Is anyone able to advise what ASX stock(s) best mirrors the All ords index or the S&PASX200 (XJO)? Is there an irrefutable factually backed answer or is it open to conjecture.?


----------



## prawn_86 (26 June 2009)

*Re: what stock best mirrors the ASX 200 or all Ords*

Look for a listed investment company or something like STW.

Look for a beta around 1


----------



## So_Cynical (26 June 2009)

kitrob said:


> Is anyone able to advise what ASX stock(s) best mirrors the All ords index or the S&PASX200 (XJO)? Is there an irrefutable factually backed answer or is it open to conjecture.?




BHP makes up about 9% of the XJO so i would imagine it would follow it pretty 
closely, i find PPT generally follows/leads as well...here's a comparison chart.

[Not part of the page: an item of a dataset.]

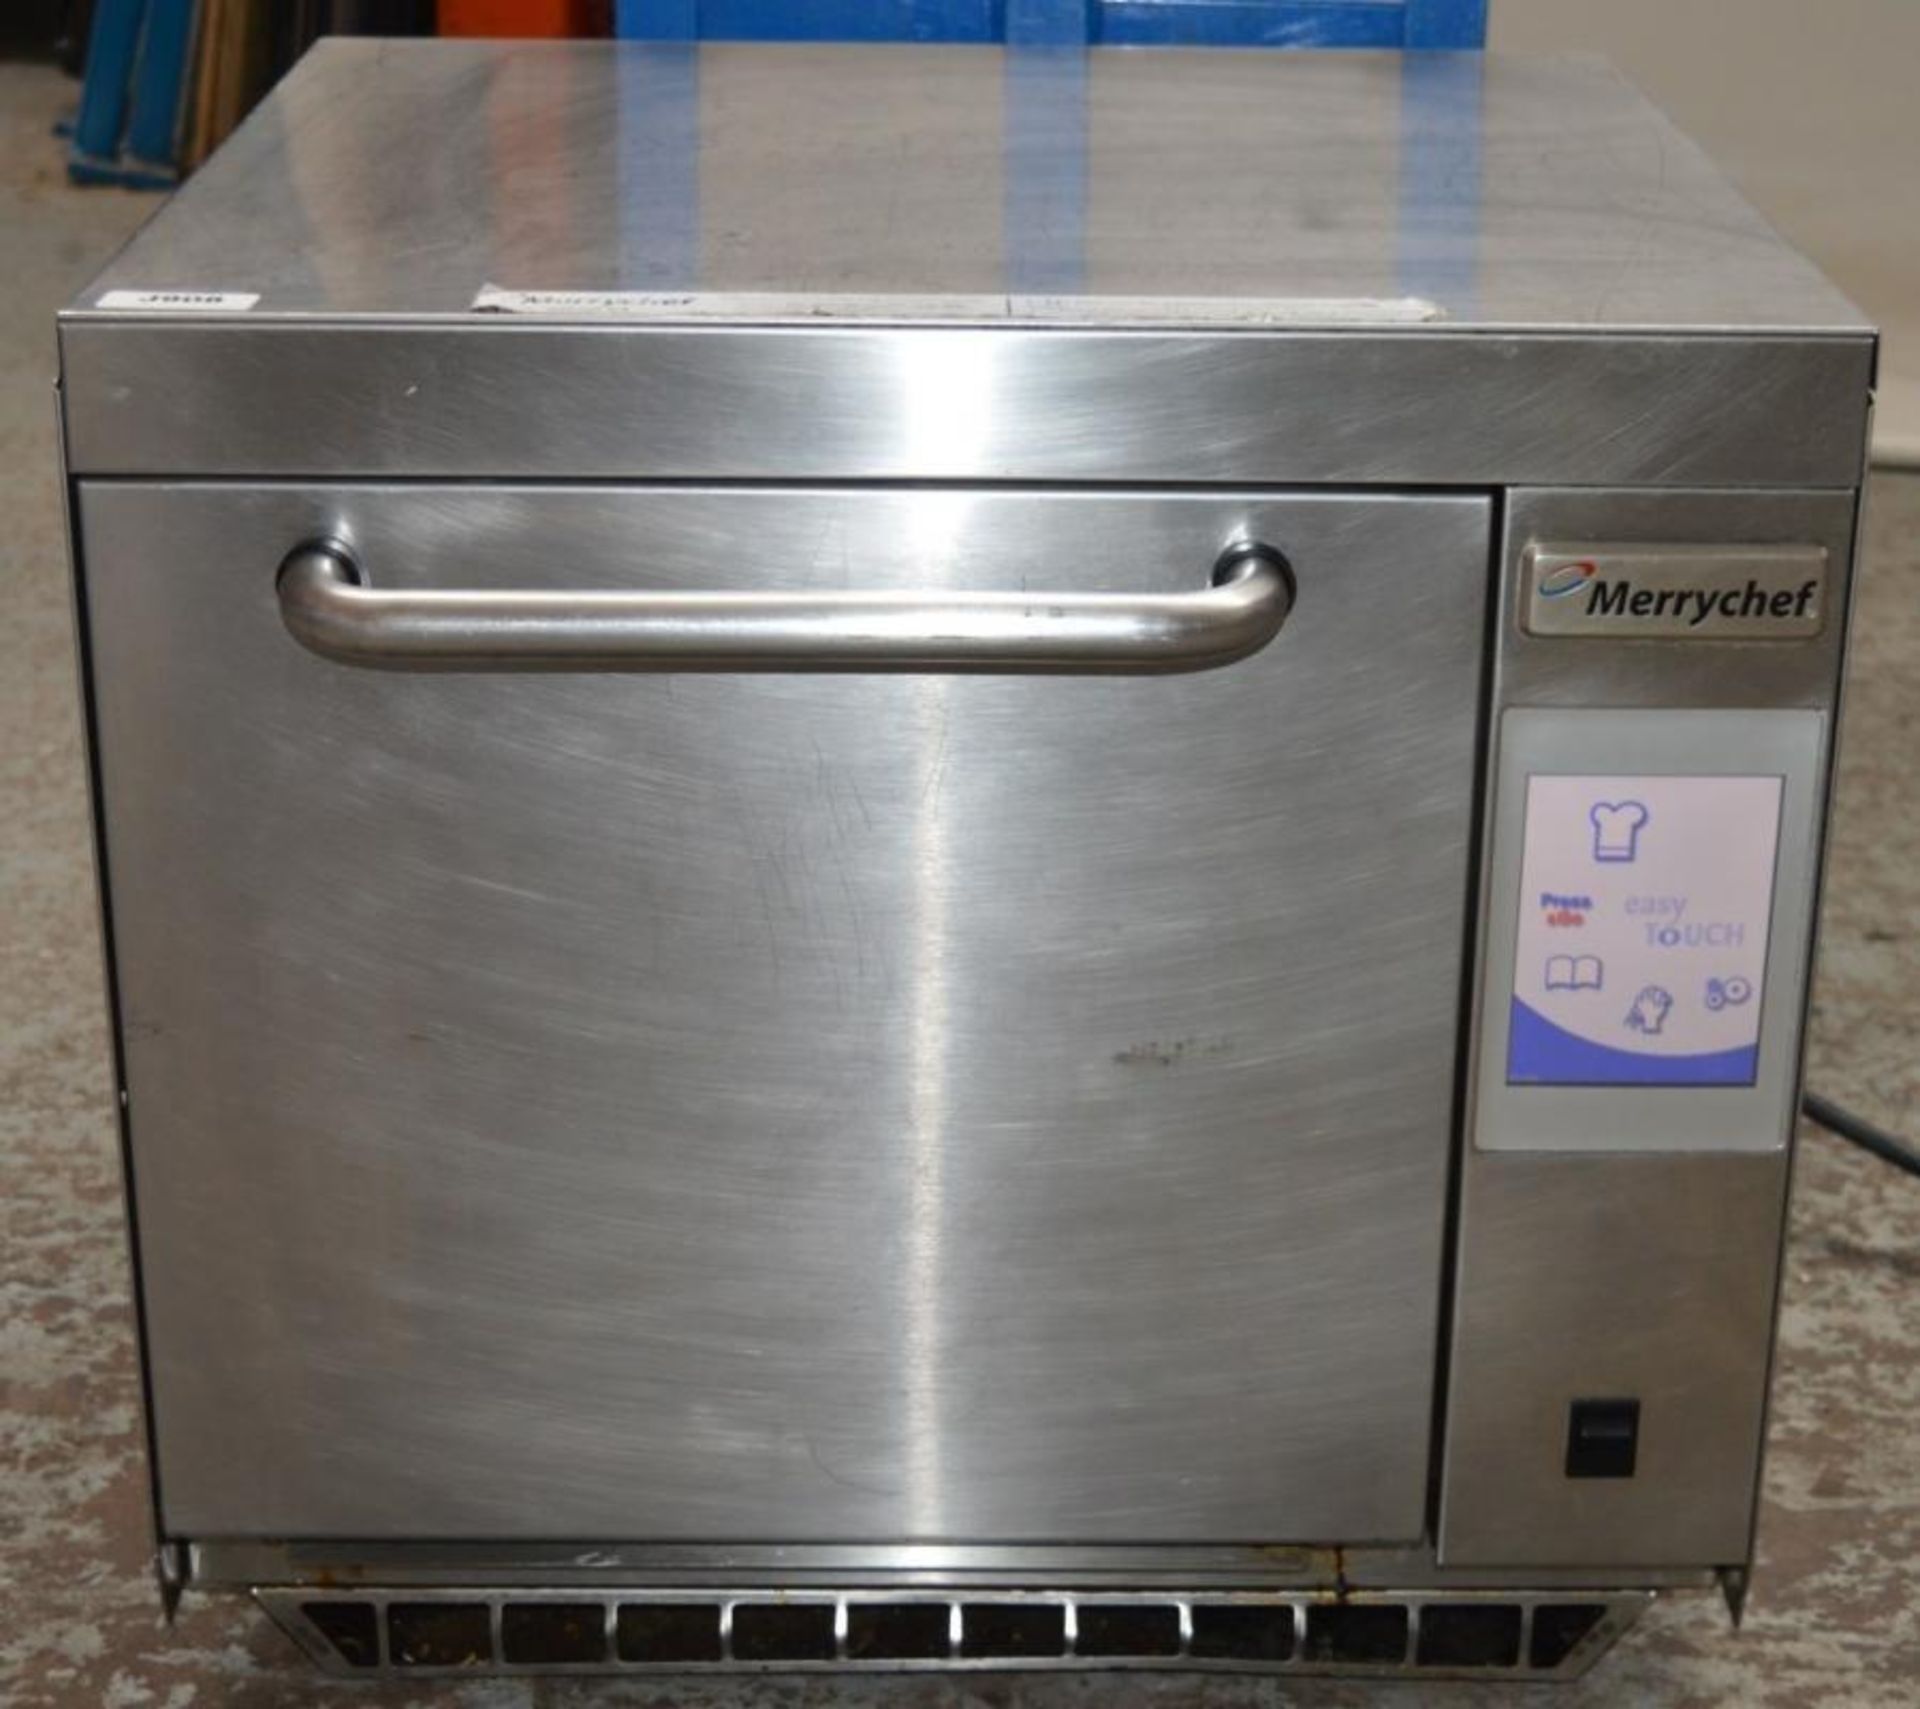 1 x Merrychef Eikon 3 Combination Microwave Oven Features 700w Microwave Output, 3.0kw Convection Ov
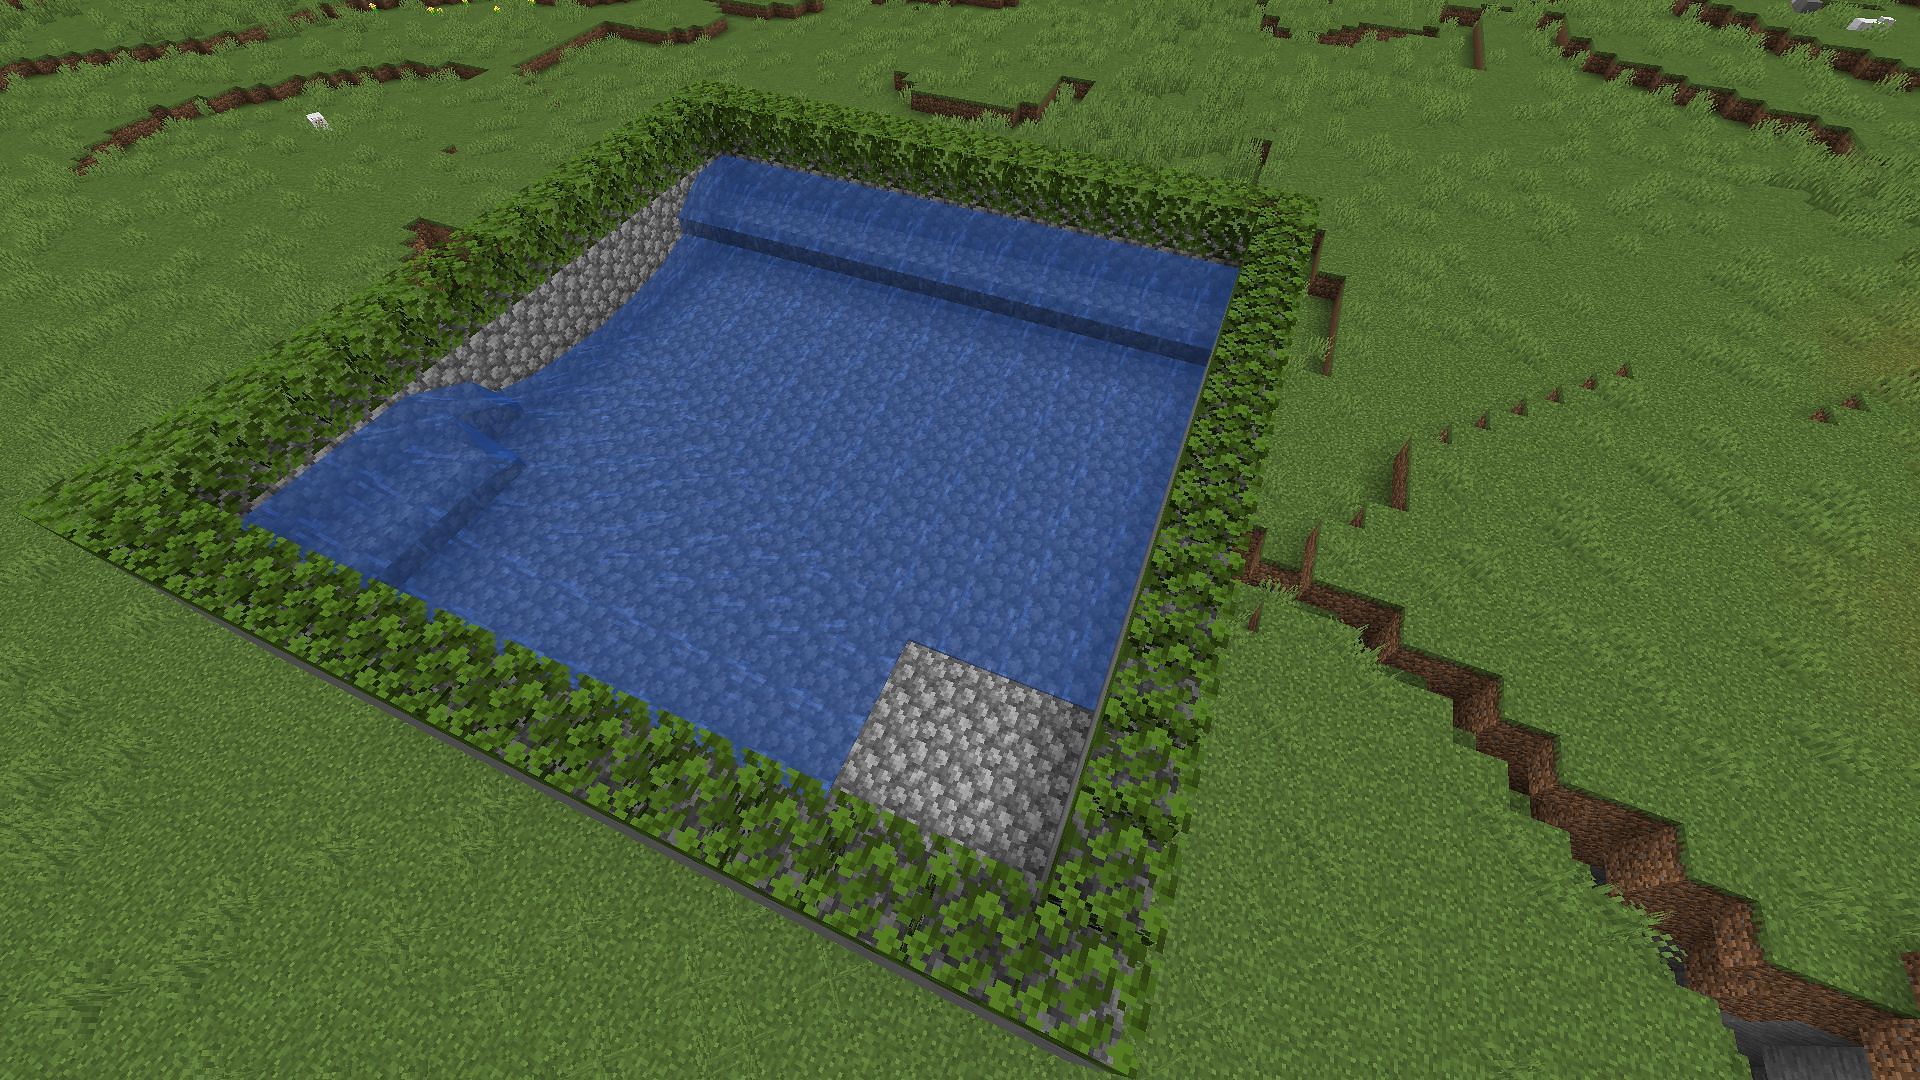 The platform with the water added (Image via Minecraft)

Only a fund like STW can truly "mirror" the index.


----------



## blablabla (28 June 2009)

STW invests in the ASX200 in exact proportions to the weightings of its components. Because STW receives dividends on its investments it makes distributions to its holders at 6-monthly intervals. Thus the price of STW has a blip twice a year, otherwise it is an almost exact reflection of the ASX200.

In summary, STW is as close as you can get to being a miror of the ASX200, plus you receive income which mirrors the dividends and distributions made by the companies in the ASX200.

You can form your own opinion by examining the announcements made to the ASX by STW.


----------



## gfresh (28 June 2009)

Well other than an index fund, if you bought BHP, RIO, CBA, NAB, WBC, ANZ, TLS, WPL, WES, WDC you'd hold about 45% of the all ordinaries, and a larger share of the ASX200.


----------



## Ken (29 June 2009)

look at ARG.

it has outpeformed the ASX 200.
its a listed investment company. LIC


----------